The Case for Holding Data Hostage

Never split the difference

Apr 10, 2024

I just attended the NMHC Research and Data Analytics Forum in Nashville. As I’ve written before, I’m a big fan of niche conferences focused on specific pain points; in this case, research and data. While I could write a post on nearly every talk, I couldn’t stop thinking about two conversations in particular.

The first was a question about training data for AI posed during the Q&A session of a AI and LLM presentation. Our presenter had limited time to answer, so I’m offering my thoughts here.

The second was during the networking session where we discussed the surplus of office. And yes, we talked about office in the midst of a multifamily conference. That should tell you how much of an impact office issues have on the entire real estate industry! Expect a future post on this topic. For now, let’s talk about the first point.

Training Data for AI

What happens when more and more of AI and LLM models’ training data require payment to use?

- Carol Enoch

Carol asked this question after a presentation about how AI and LLMs work. Harvard has a summary that’s quite similar to the talk, which you can read here.
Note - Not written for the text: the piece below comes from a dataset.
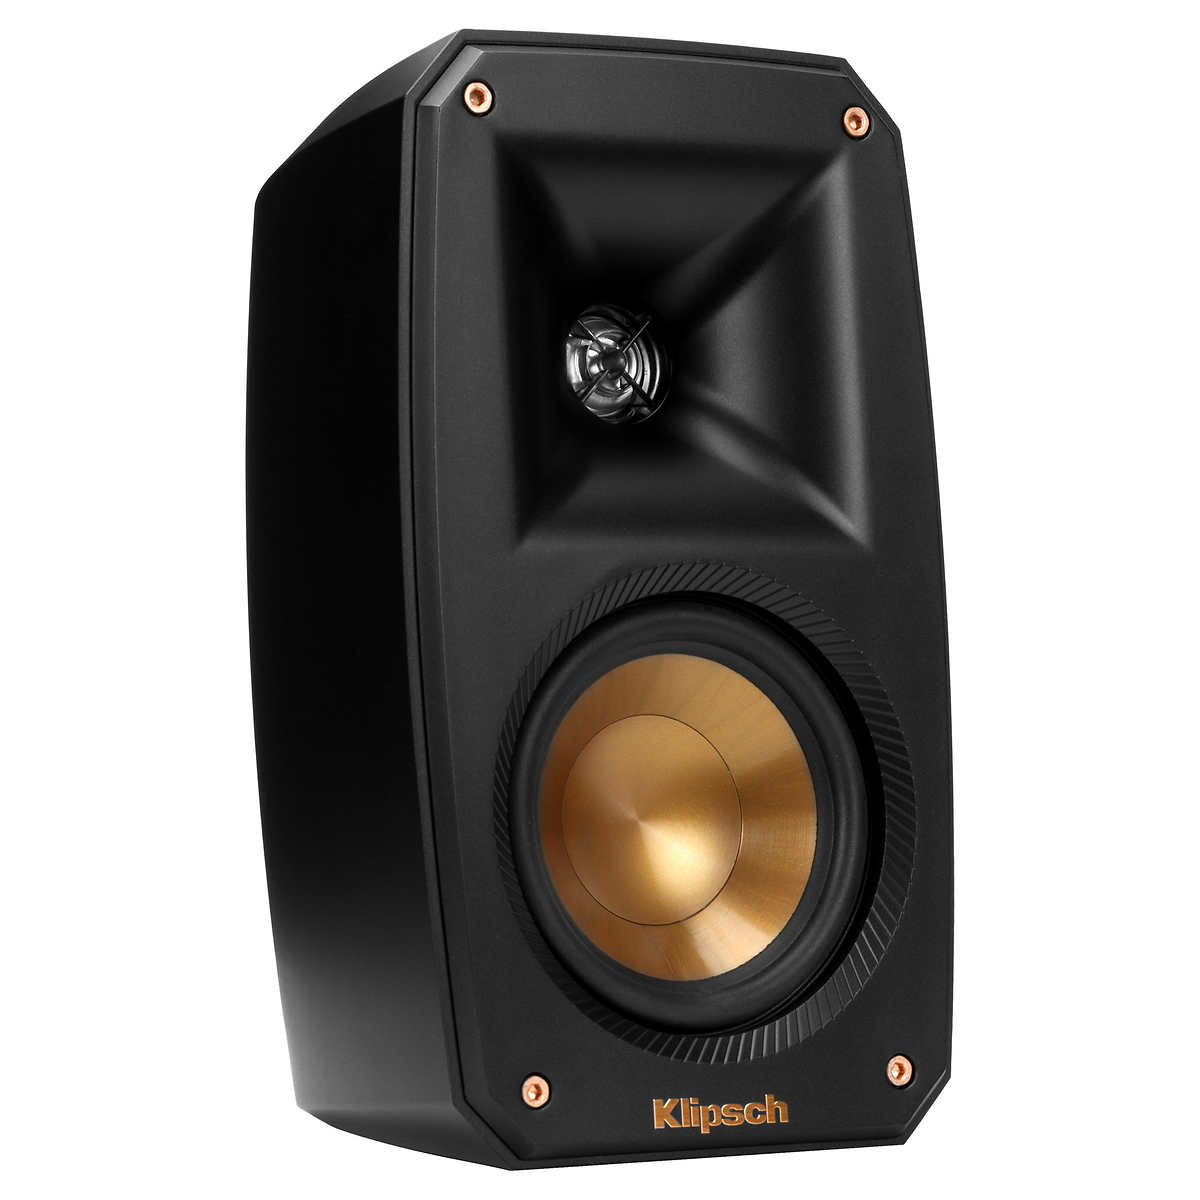 DENON  AVR-S760H Atmos Receiver & Klipsch 5.1 Speaker Package

The success of OpenAI and others’ models presume large swaths of data. Below is the Harvard article’s timeline showing the hundreds of gigabytes required to train GPT-3.

To Carol’s question, what happens when companies whose data is used by OpenAI try to hold their data hostage, demanding payment first?

We’ve already seen lawsuits hit the courtroom on this, such as the New York Times suing Microsoft and OpenAI. More recently, a federal California-based judge sided with OpenAI vs. Sarah Silverman, Michael Chabon, Ta-Nehisi Coates and other authors. The verdict likely had more to do with the argument presented. OpenAI’s results to queries are newly created works and certainly not patent infringement.

In fact, creating something new with inspiration from something old has long held up in court. Take the Ed Sheeran copyright case. He played 101 songs of the same chord to defend his music and win the lawsuit.

On the other hand, requiring payment for usage of proprietary data is also standard in many industries. Platforms, such as Reddit, hold licensing power and will begin monetizing their data.

The basic pitch is that Reddit's going to grow 20% a year, in part by licensing its users’ data to builders of large language models. Those LLMs are the very large neural networks that are trained using massive amounts of text and data, including e-books, news articles and websites like Wikipedia. That plan could work because Reddit has exactly that — lots of text.
“There's the new emerging market of AI, where large language models need data to train on,” Reddit's Chief Operating Officer Jen Wong told me on Bloomberg Technology. “And when you look at Reddit's corpus, 19 years of human experience organized by topic with moderation and relevance, that's incredibly important to building both the chat capability and the freshness of information.”

Large property management systems do this already. You may be thinking, “Jen, are you really arguing that firms should charge for their data? But by your logic, the PMSs should charge… they’re SO EXPENSIVE. How could you be in favor of that?”

My response:

Whoever does pricing for the PMSs should re-evaluate price elasticity. There is literally an army of industry experts built around getting data out of Yardi. This army uses any method other than Yardi’s prohibitively expensive APIs. I would bet good money that Yardi is leaving a LOT of revenue on the table by inaccurately presuming that demand for their data is inelastic.

Let me hop down from my soapbox and get back to Carol’s question: how will data-paywalling impact AI/LLM models in the real estate industry?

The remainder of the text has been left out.